**THE DATA:**
:::::
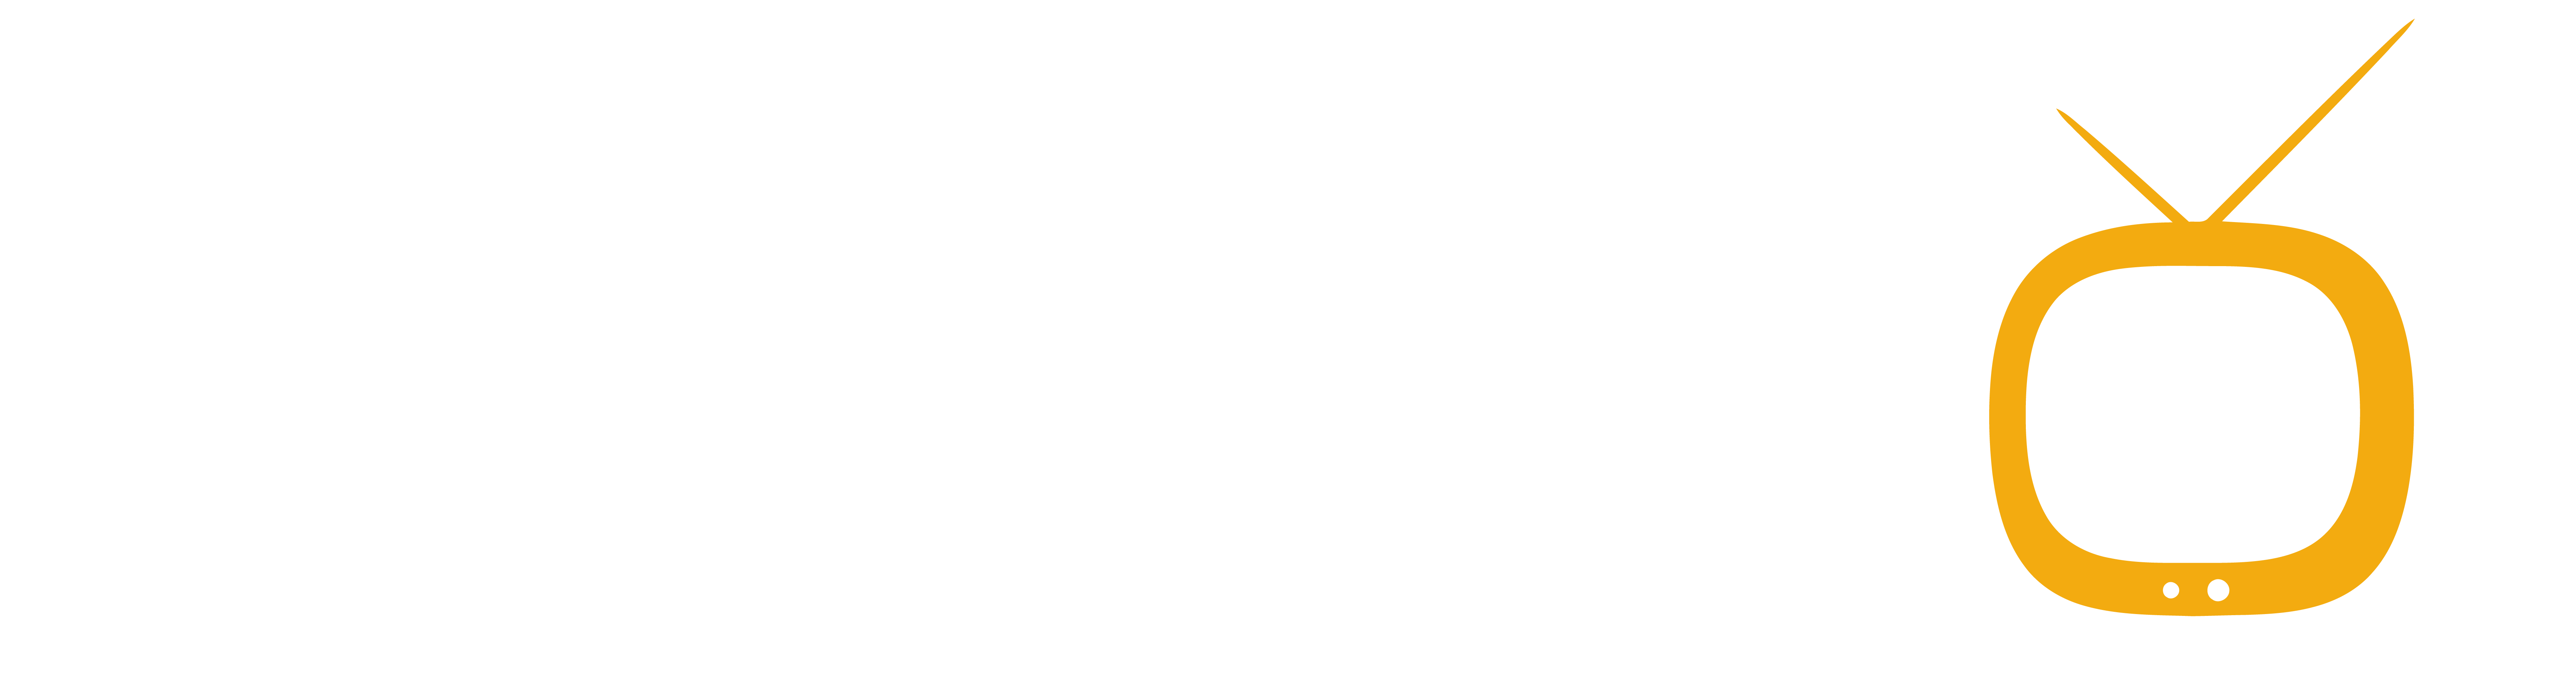 Myvideochannel.tv
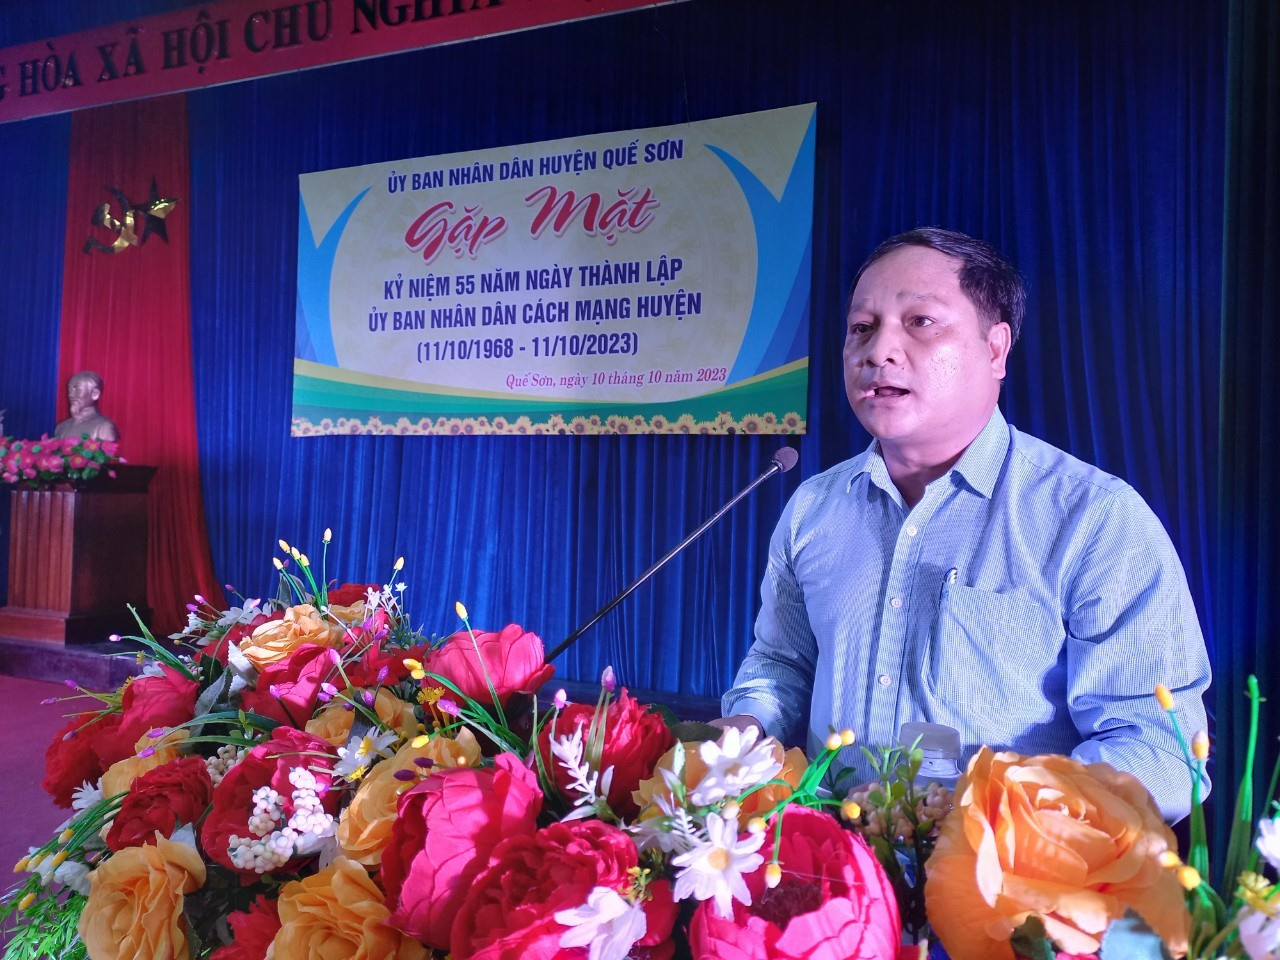 Ông Nguyễn Phước Sơn – Chủ tịch UBND huyện Quế Sơn thông tin tình hình kinh tế - xã hội của địa phương. Ảnh: DUY THÁI
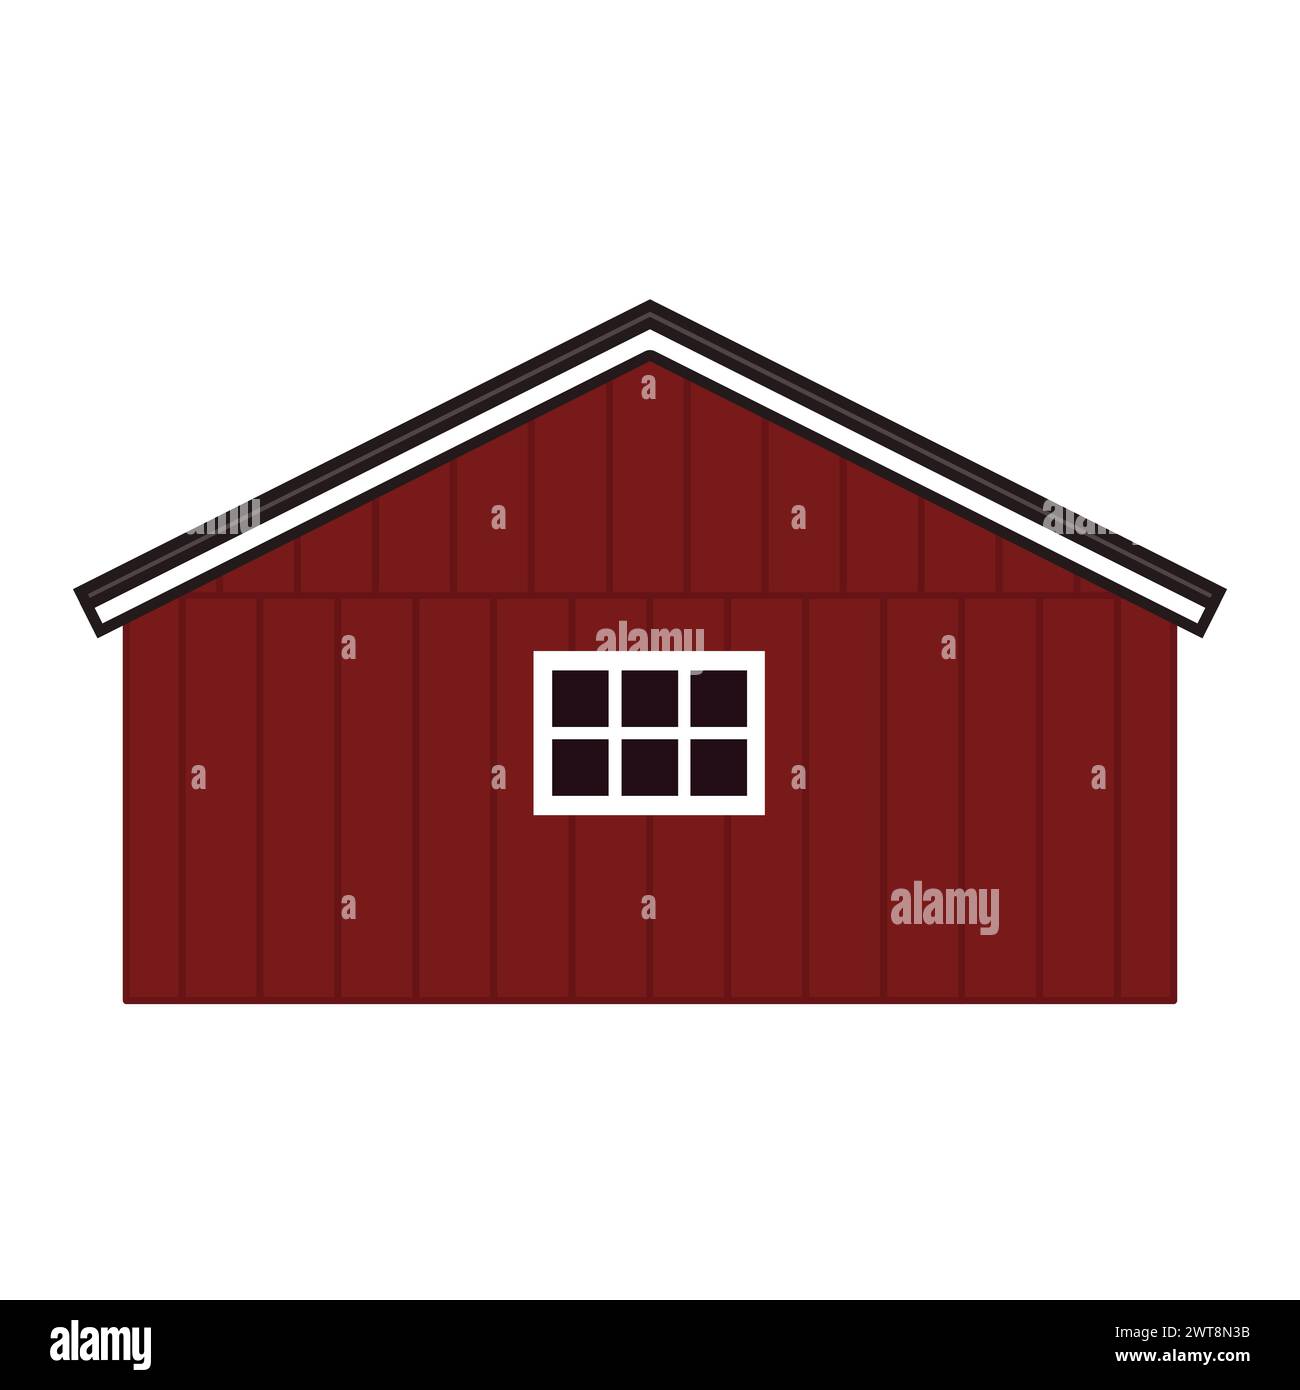 Karikaturrotes Holzscheunenhaus, graues Dach, Fenster mit Brettern. Vektorkontur isolierte handgezeichnete Illustration auf weißem Hintergrund, Vorderansicht Stock Vektor
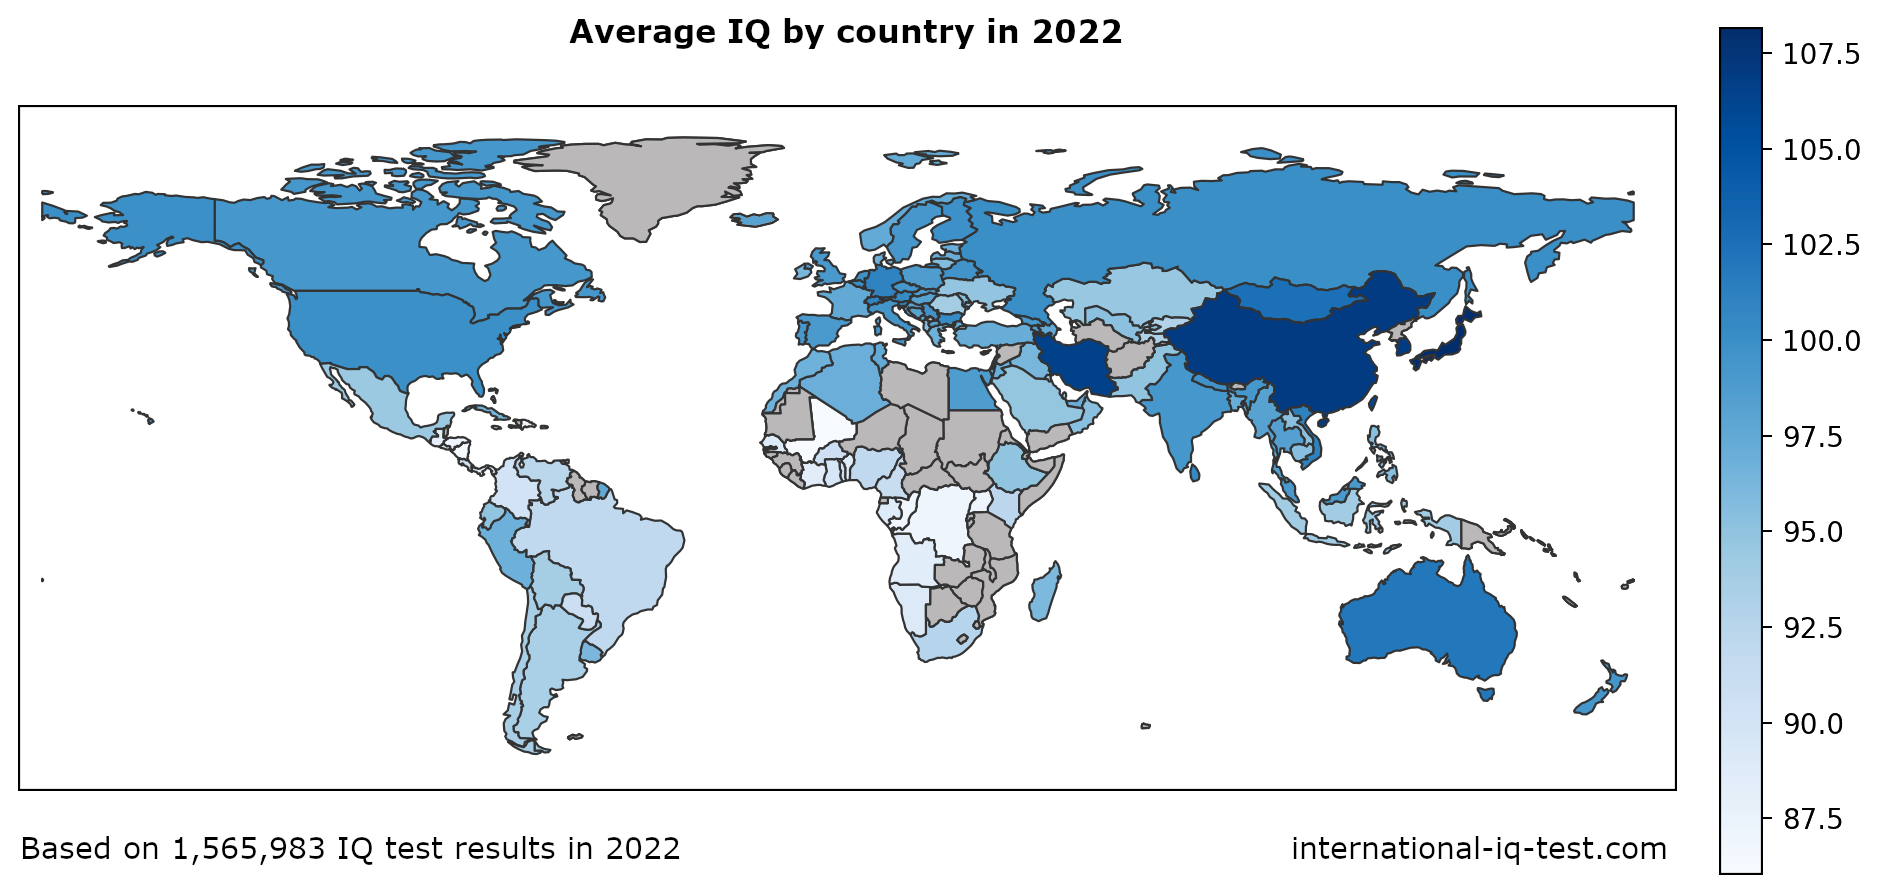 Verdenskort, der viser den gennemsnitlige IQ pr. land i 2022 med blå nuancer fra lysest til mørkest
:::::
**TASK BRIEF:** When you repeat the material above, keep every word exact and leave out the pictures.

**SOLUTION:**
 Myvideochannel.tv
 Ông Nguyễn Phước Sơn – Chủ tịch UBND huyện Quế Sơn thông tin tình hình kinh tế - xã hội của địa phương. Ảnh: DUY THÁI
 Karikaturrotes Holzscheunenhaus, graues Dach, Fenster mit Brettern. Vektorkontur isolierte handgezeichnete Illustration auf weißem Hintergrund, Vorderansicht Stock Vektor
 Verdenskort, der viser den gennemsnitlige IQ pr. land i 2022 med blå nuancer fra lysest til mørkest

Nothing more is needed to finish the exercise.